*GIVEN DATA:*
= Beginning of Section =

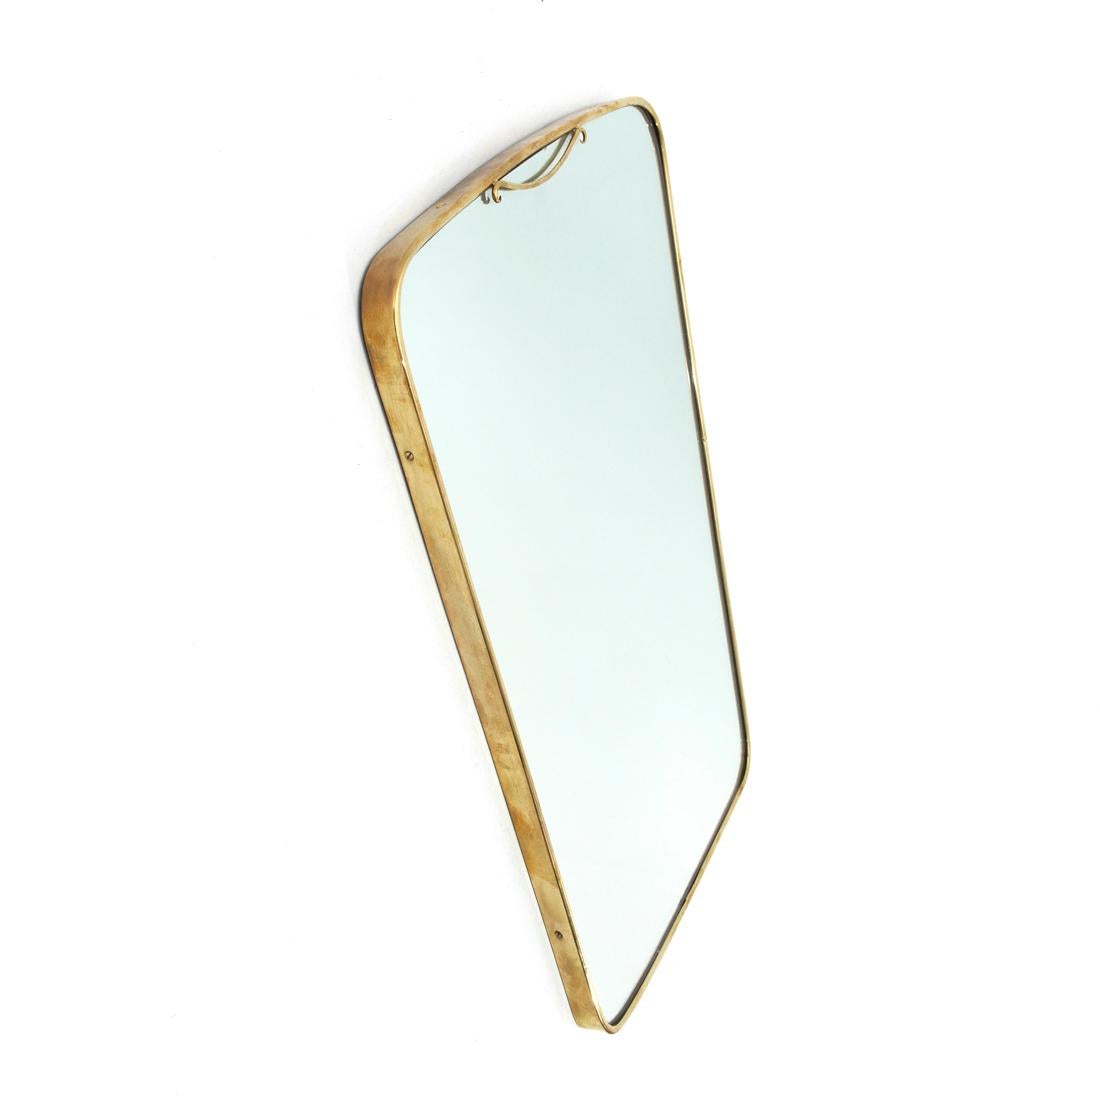 Italian manufacture mirror produced in the 1950s.
Wooden frame, mirrored glass and brass frame.
Good general conditions, some signs due to normal use over time.

Dimensions: Length 45 cm, depth 2.5 cm, height 67 cm.

= End of Section =

*WHAT IS BEING ASKED:*
Please provide an exact transcription of each line from the one holding "Good general conditions, some" through the final line of the data above.

*ANSWER AREA:*
Good general conditions, some signs due to normal use over time.

Dimensions: Length 45 cm, depth 2.5 cm, height 67 cm.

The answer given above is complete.